8月29日付の英エコノミスト誌は、「歴史の使い方――日本の20世紀の拡張主義についてのアジアの見解はすべて否定的ではない」との記事を掲載し、安倍総理の戦後70周年談話について論じています。
すなわち、李登輝元台湾総統は、日本の雑誌にしたコメントへの敵意ある反応に驚いている。彼は、台湾の現政府が第2次大戦終結70周年を記念するのは「日本を困らせ、中国を喜ばせるものである」と批判し、台湾の若者は日本と戦ったのではなく、日本のために戦ったと述べた。馬英九現総統は李登輝批判を始め、中国は「馬鹿げた発言」と嘲笑した。歴史的には李元総統の指摘は的を射ている。
台湾は1895年に日本に割譲され、日本の統治下に入った。1945年に中国に復帰したが、内戦で敗北した国民党の最後の砦になった。李登輝は国民党の指導者になったが、彼の日本好きは良く知られている。彼の兄は靖国に祭られている。彼のような見解は台湾では普通である。アジア全体でも、日本の植民地の歴史には多義的な感情が見られる。
中国は、9月3日に軍事パレードで70周年を記念する。
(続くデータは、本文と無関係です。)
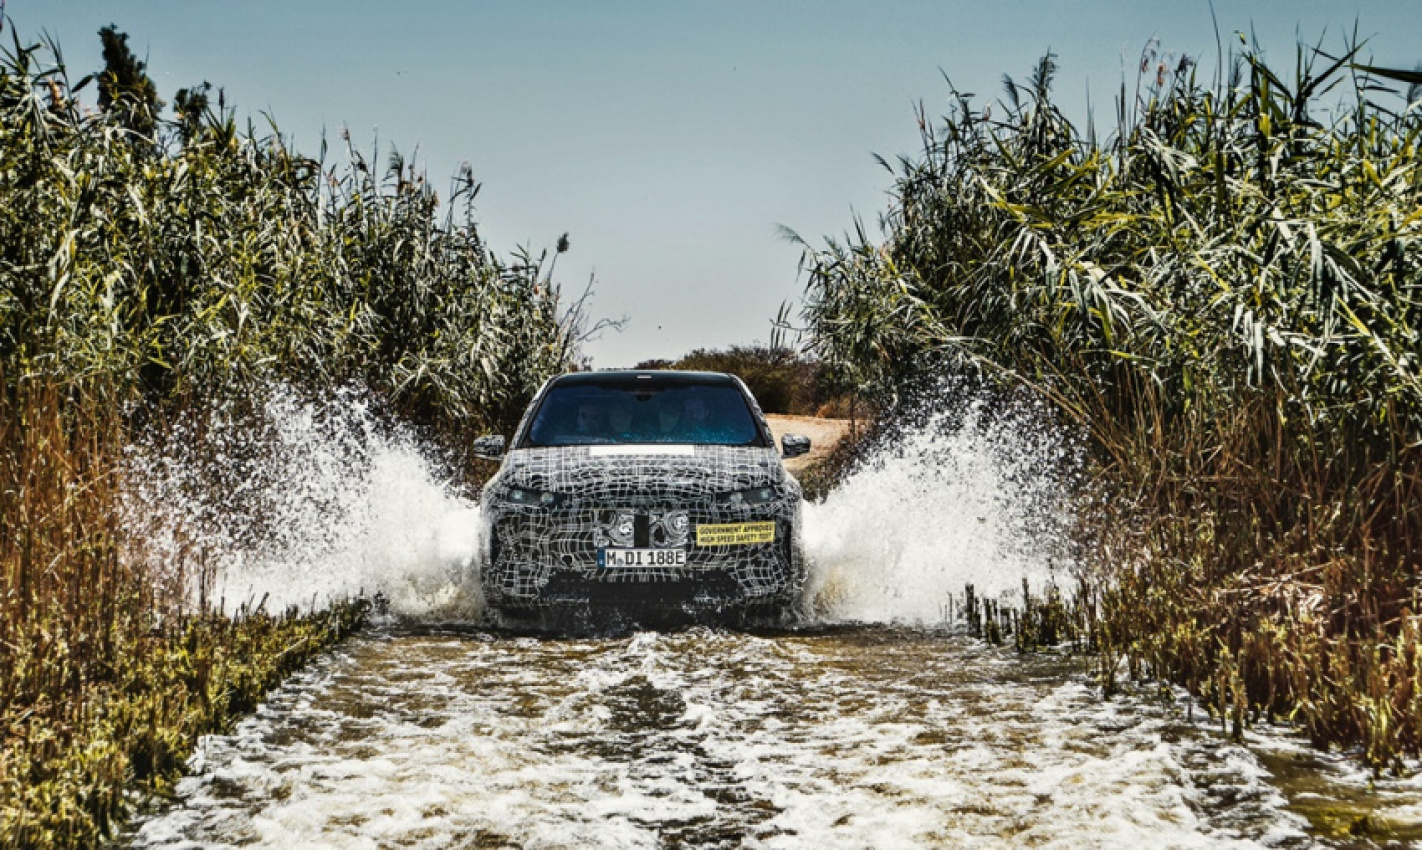 autos, bmw, cars, bmw edrive technology, bmw inext, product development, prototype, vehicle testing, bmw inext undergoes extreme testing conditions in africa

安倍総理の欠席は理解できるが、それは日本が戦争中の犯罪を受けとめていない印象を与える。
隣国との関係に歴史が障害にならないようにする安倍の試みはうまくいかなかった。過去の謝罪を堅持したが、中国は「誠実さ」に欠けるとし、朴大統領は「期待外れ」とした。安倍の失敗の理由の一つは、中韓では、彼は歴史修正主義者として知られ、戦犯であった祖父、岸信介を尊敬しているからである。
談話は罪の否定の試みとも読める圧縮された20世紀の歴史の文脈におかれた。彼は、日本がアジアで立憲政府を初めて作り、日露戦争の勝利で、アジアとアフリカの植民地支配下の人民を元気づけたと述べた。その後、恐慌と西側の保護主義ゆえに「間違った道」を歩み、国際秩序の「挑戦者」になったと述べた。
これは日本の極右が好む物語である。日本は植民地主義者ではなく解放者、第2次大戦では侵略者より犠牲者であることを示唆する。この物語は日本の近代化が毛沢東やネールを鼓舞した事実で強化される。戦時中、自由の戦士、ビルマのアウンサンやインドのチャンドラ・ボースは日本と同盟関係を結んだ。